● **Work to be completed**
Print the listing below only from the line that has "National General - an Allstate company" through the line that has "of dark. Th", exactly, and drop any picture.

● **Information supplied**
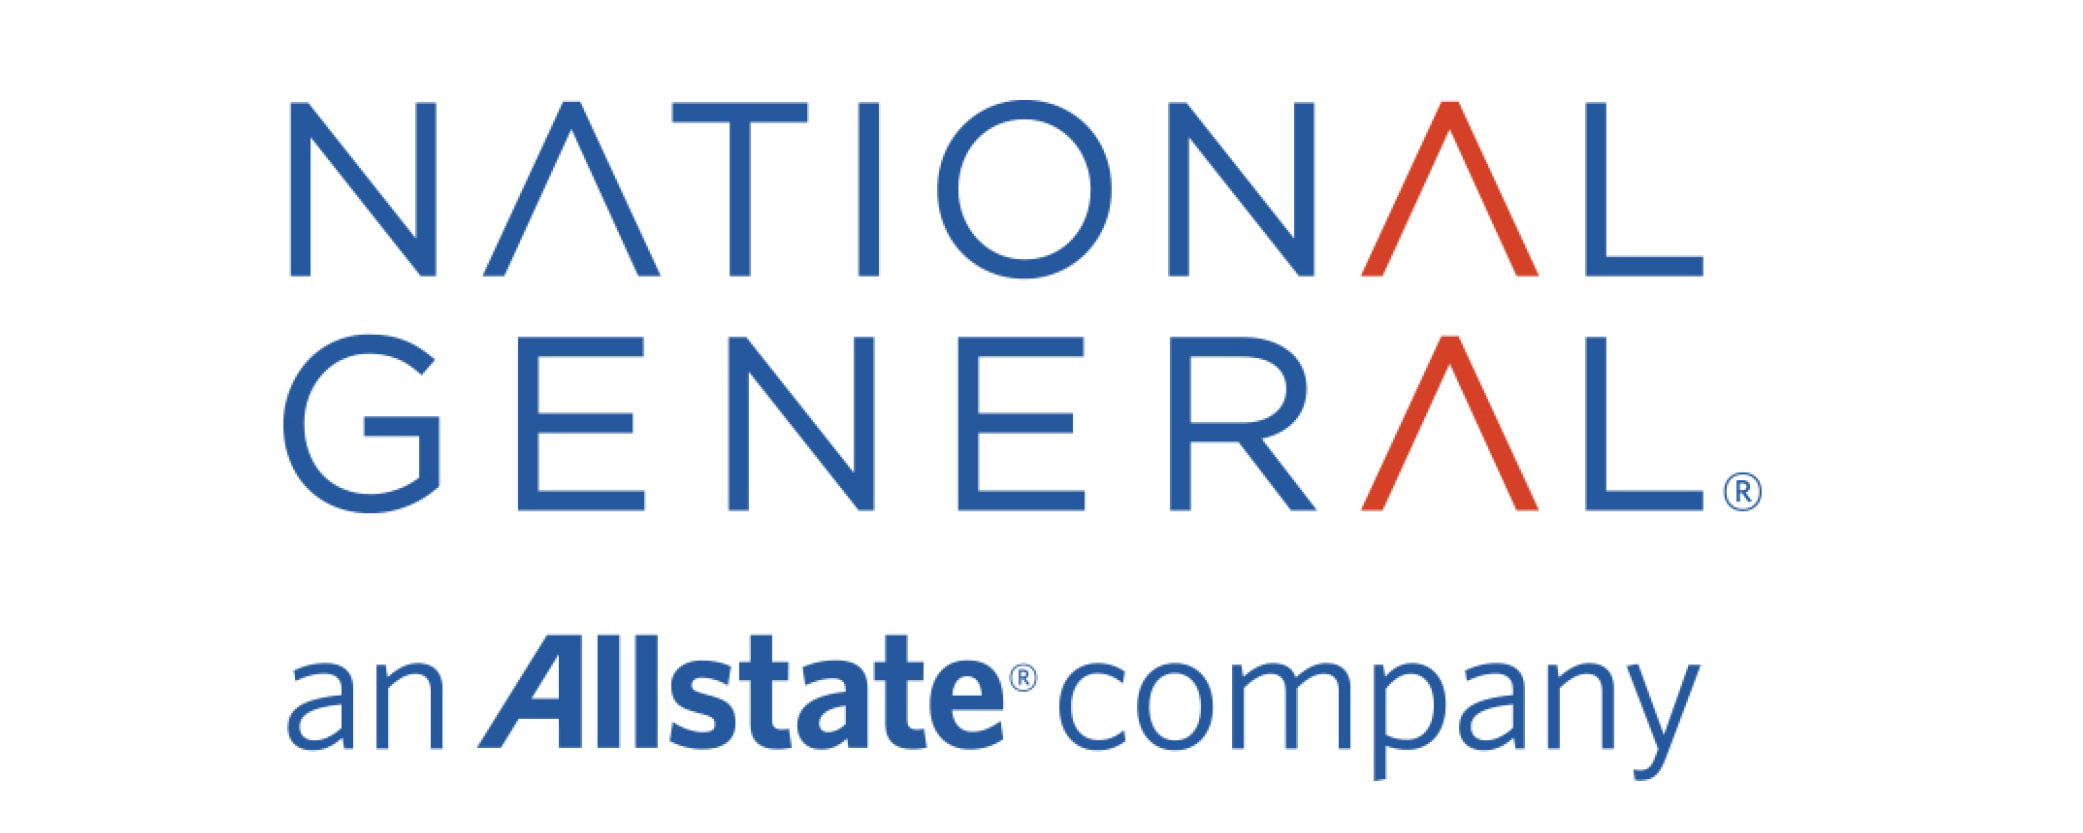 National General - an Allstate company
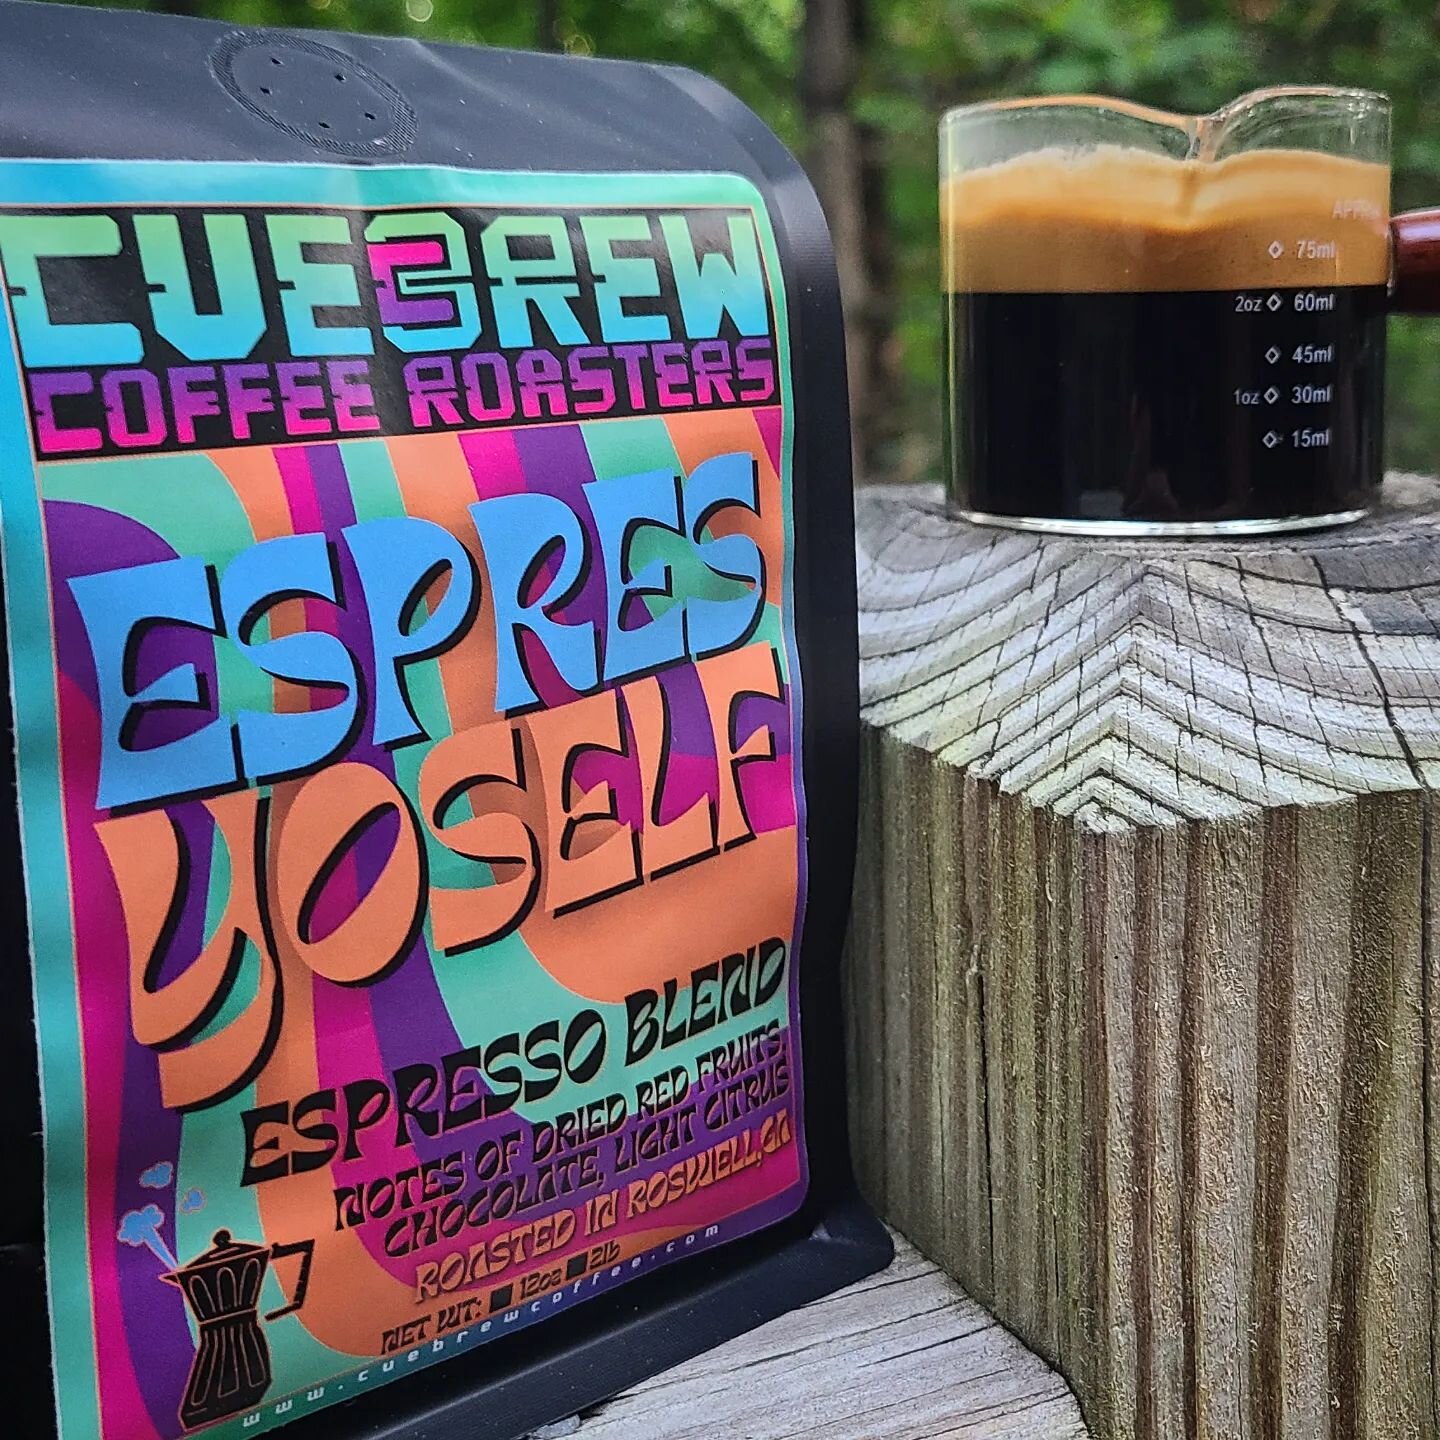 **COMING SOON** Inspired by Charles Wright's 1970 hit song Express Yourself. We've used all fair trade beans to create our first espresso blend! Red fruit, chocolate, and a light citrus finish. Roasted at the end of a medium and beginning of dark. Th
...
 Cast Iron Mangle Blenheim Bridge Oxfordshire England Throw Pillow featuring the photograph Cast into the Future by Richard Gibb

● **Your solution**
 National General - an Allstate company
 **COMING SOON** Inspired by Charles Wright's 1970 hit song Express Yourself. We've used all fair trade beans to create our first espresso blend! Red fruit, chocolate, and a light citrus finish. Roasted at the end of a medium and beginning of dark. Th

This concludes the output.